**Problem requirements:** For this exercise, copy all the data exactly and include none of the pictures.

**Dataset excerpt:**
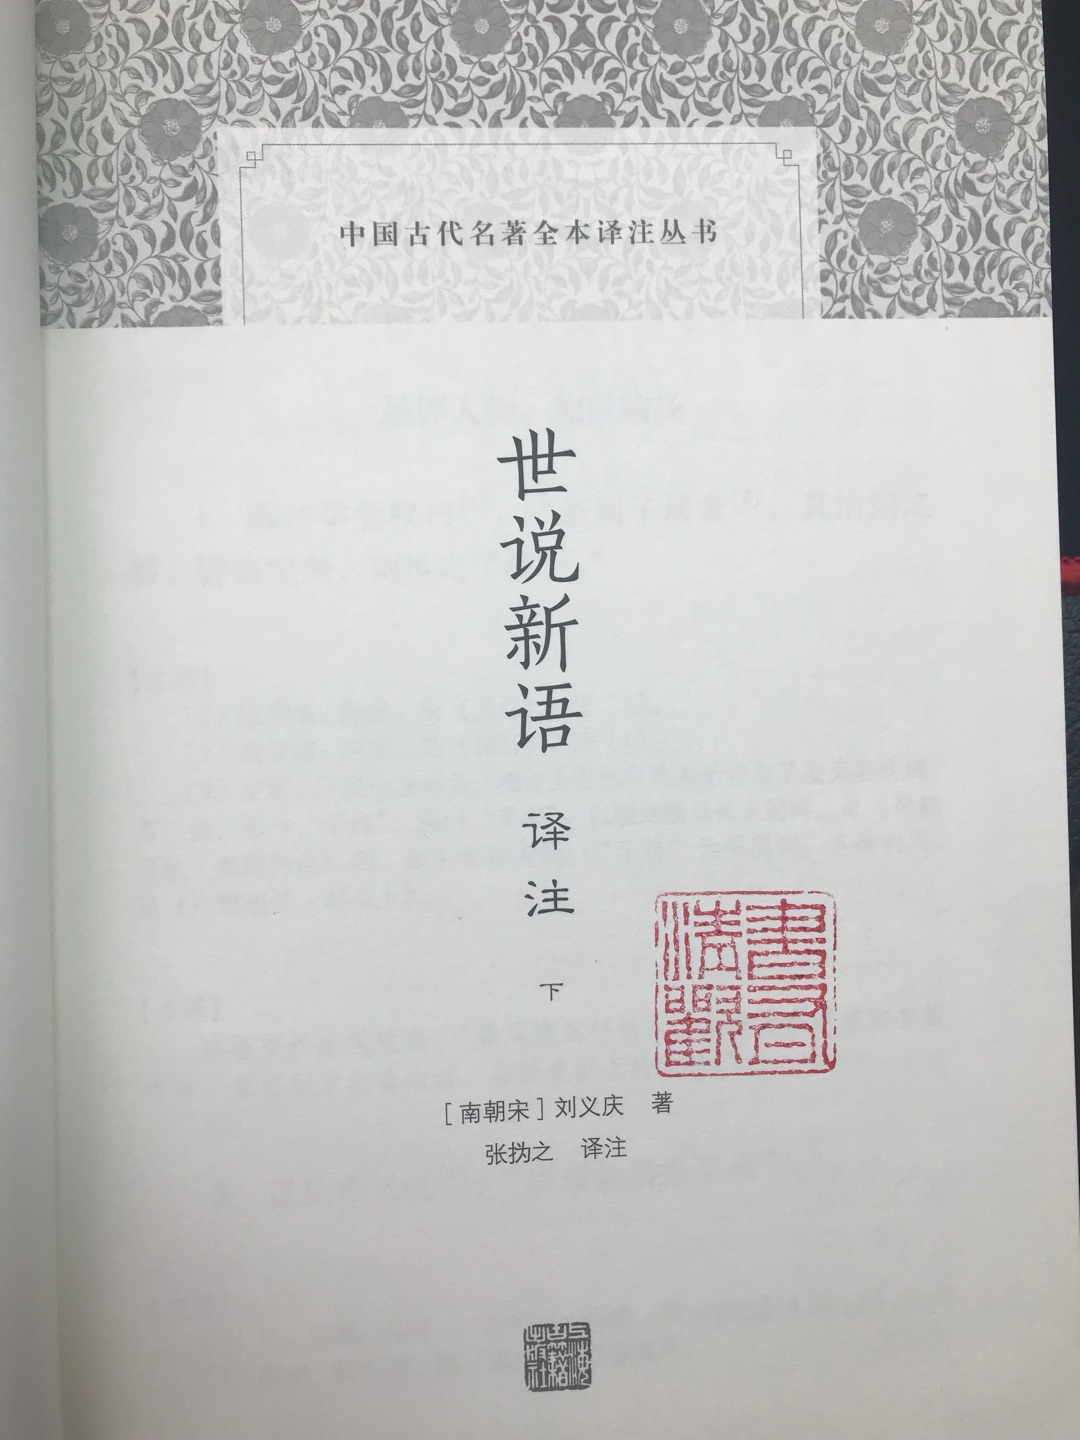 上海古籍出版社，品质绝对有保障！虽然每天活得跟陀螺一样，但看看世说，虽然说得是魏晋人物，现在看来也不过时。
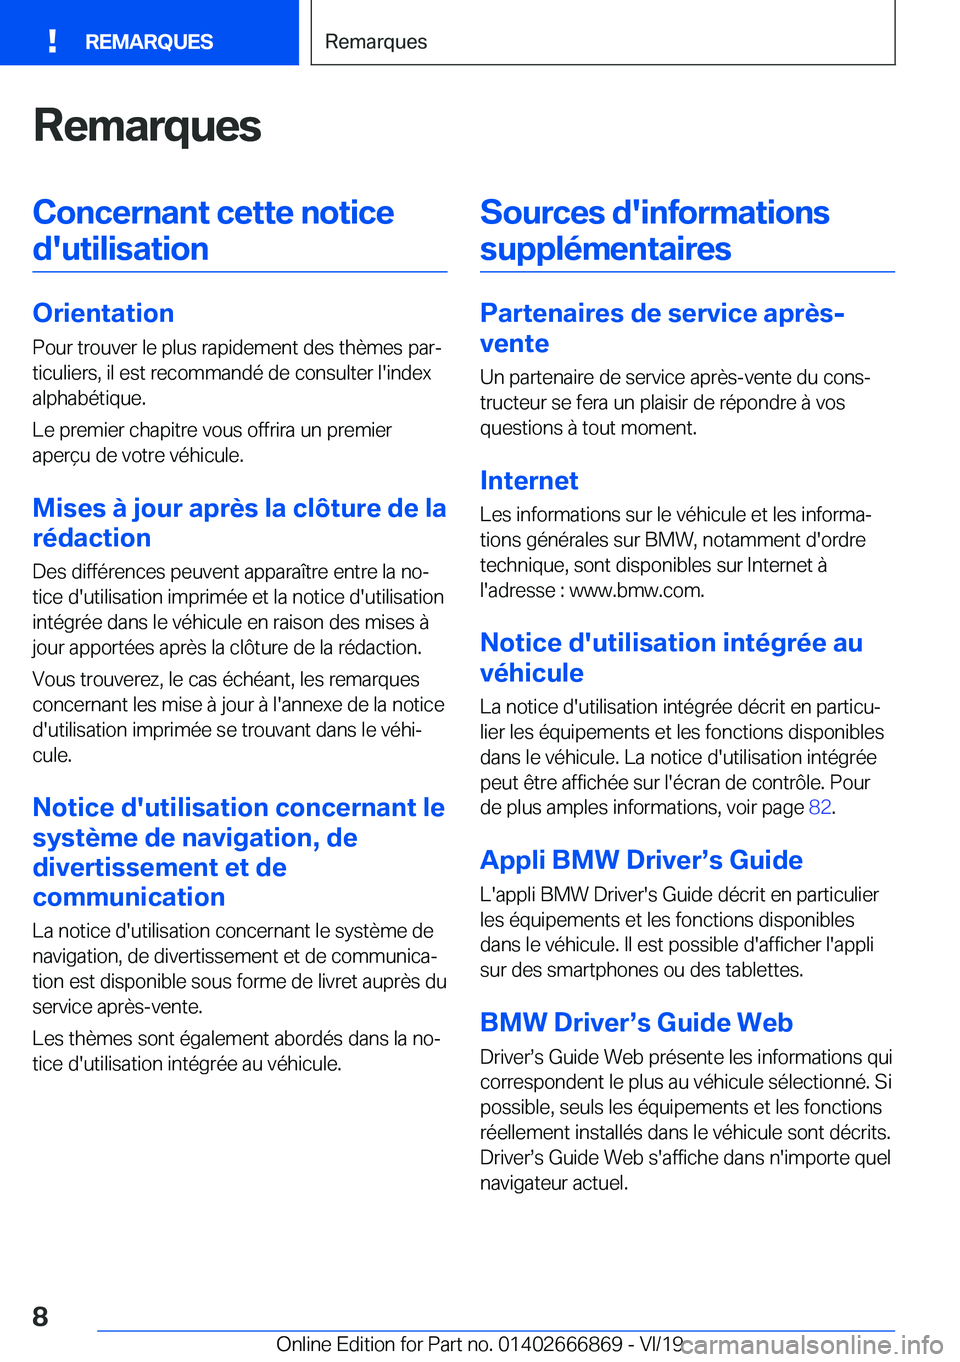 BMW X4 M 2020  Notices Demploi (in French) �R�e�m�a�r�q�u�e�s�C�o�n�c�e�r�n�a�n�t��c�e�t�t�e��n�o�t�i�c�e�d�'�u�t�i�l�i�s�a�t�i�o�n
�O�r�i�e�n�t�a�t�i�o�n �P�o�u�r��t�r�o�u�v�e�r��l�e��p�l�u�s��r�a�p�i�d�e�m�e�n�t��d�e�s��t�h�è�m�
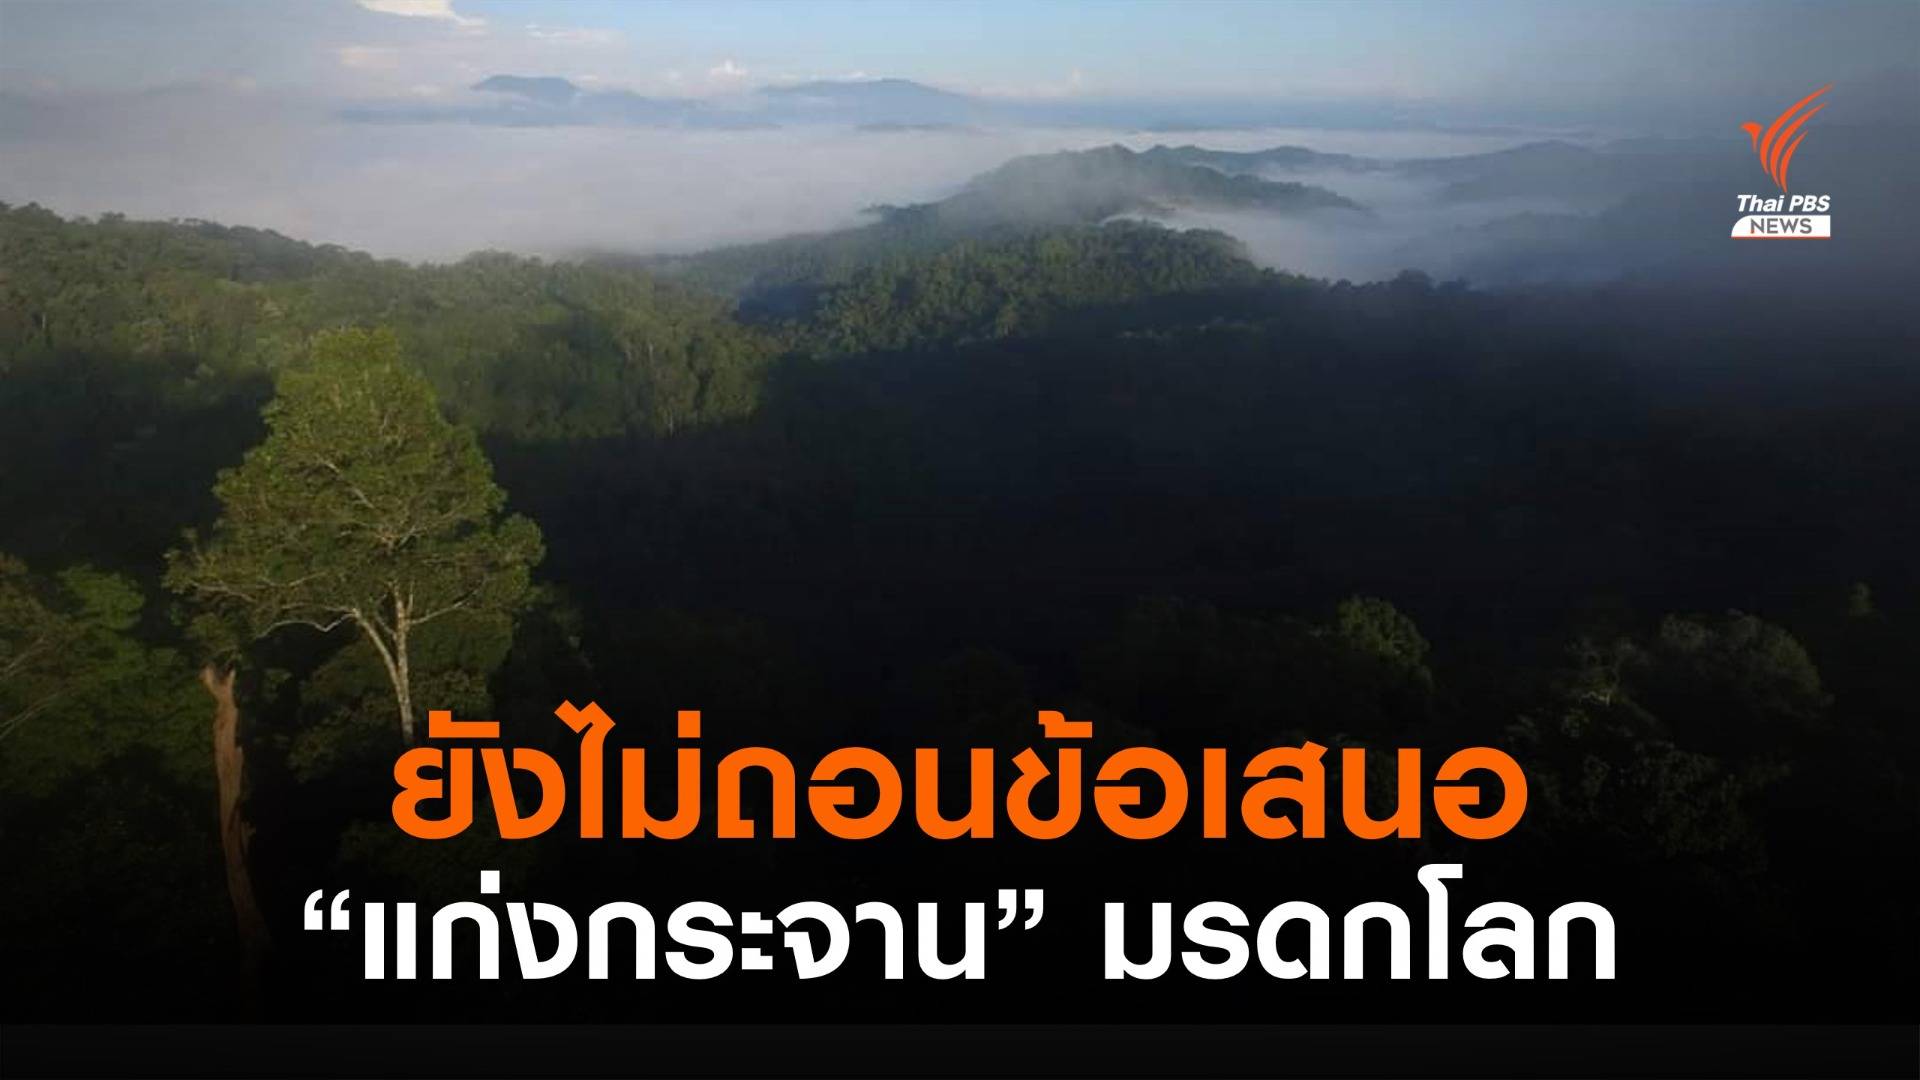 ทส.สยบข่าวไทยถอนตัว  IUCN ยังเสนอ "แก่งกระจาน" เป็นมรดกโลก

**Exercise solution:**
 上海古籍出版社，品质绝对有保障！虽然每天活得跟陀螺一样，但看看世说，虽然说得是魏晋人物，现在看来也不过时。
 BMW X4 M 2020  Notices Demploi (in French) �R�e�m�a�r�q�u�e�s�C�o�n�c�e�r�n�a�n�t��c�e�t�t�e��n�o�t�i�c�e�d�'�u�t�i�l�i�s�a�t�i�o�n
�O�r�i�e�n�t�a�t�i�o�n �P�o�u�r��t�r�o�u�v�e�r��l�e��p�l�u�s��r�a�p�i�d�e�m�e�n�t��d�e�s��t�h�è�m�
 ทส.สยบข่าวไทยถอนตัว  IUCN ยังเสนอ "แก่งกระจาน" เป็นมรดกโลก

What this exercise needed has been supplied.